Sprawa dowodu rejestracyjnego jest następująca: w wydziale komunikacji powiedzieli, że trzeba zrobić nowy przegląd jako, że zmieniła się pojemność silnika oraz masa auta (chodzi po prostu o te parametry które się formalnie zmieniły na poszczególnych pozycjach dowodu rejestracyjnego). Diagnoście powiedziałem, że owy silnik jest jedną z wersji silnikowych polonezów, oczywiście on również o tym wiedział, a więc nie musiałem go do tego usilnie namawiać i bez żadnych zbędnych pomiarów wydano zaświadczenie o zmianie silnika w którym na pewno bo już nie pamiętam wpisał nową pojemność jednostki napędowej, oraz nową masę auta bo jak wiadomo diesel cięższy. Z tym kwiciorem do wydziału komunikacji, wtedy oni wydają nowy dowód rejestracyjny. A więc koszt całej operacji wynosi tyle ile wydanie nowego dowodu rejestracyjnego + cena przeglądu u diagnosty o którym już wyżej pisałem czyli standardowa opłata jak dla normalnej fury bez gazu.

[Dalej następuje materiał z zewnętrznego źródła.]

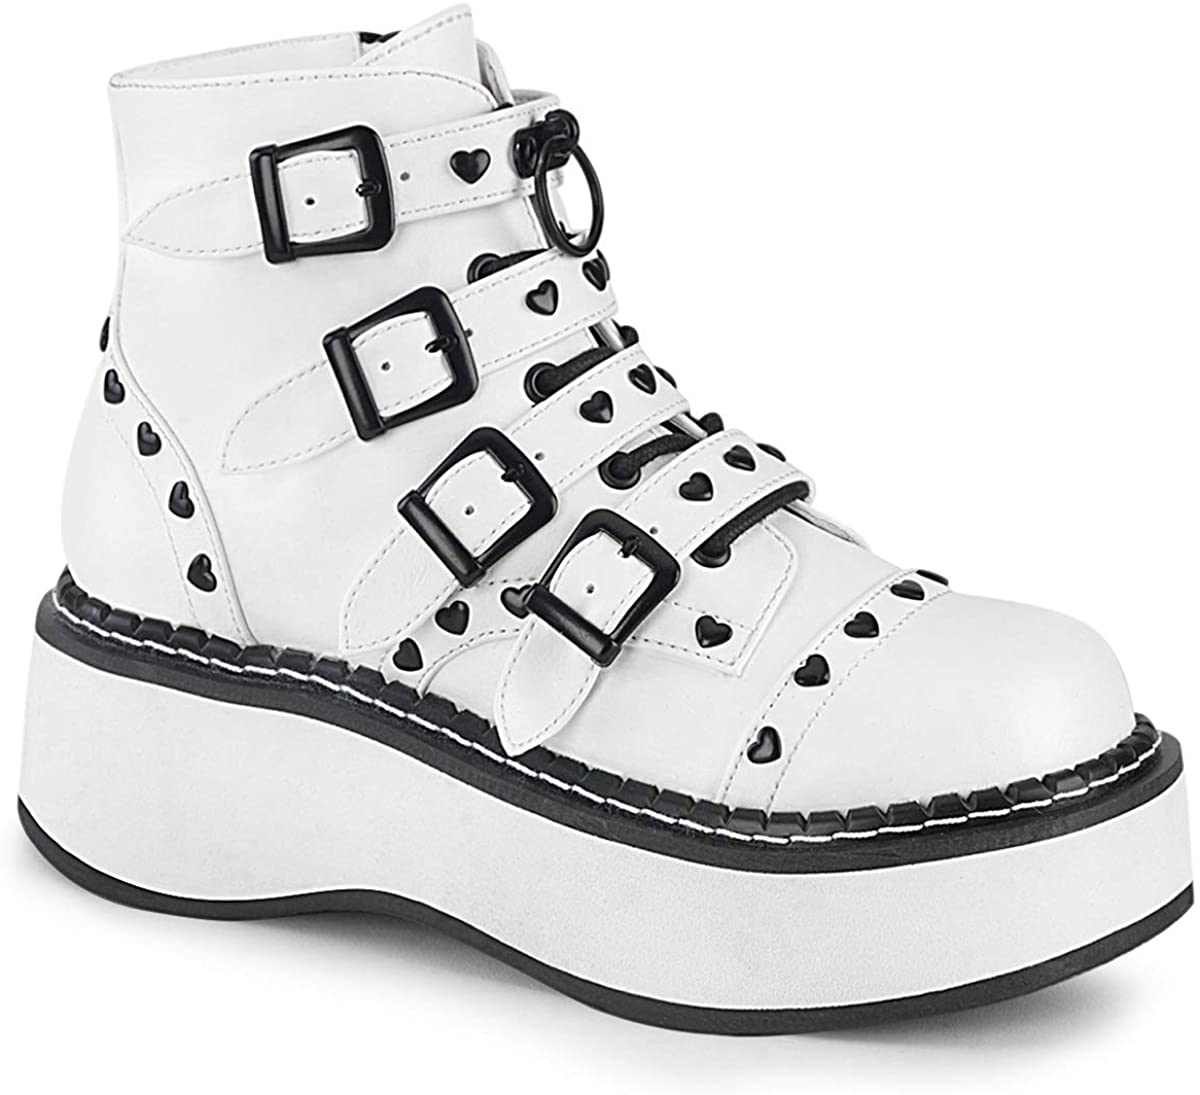 Demonia Women's Emily-315 Ankle-High Boot

No i jeszcze do firmy ubezpieczeniowej zgłosić, że pojemność się zmieniła.
Osobiście nie zmieniałbym tego w kwitach, bo szkoda tylko czasu, w starym poldzie nie zrobiłem tego a w nowym ojciec bał się tak jeździć a więc na jego życzenie doszło do zmiany w kwitach.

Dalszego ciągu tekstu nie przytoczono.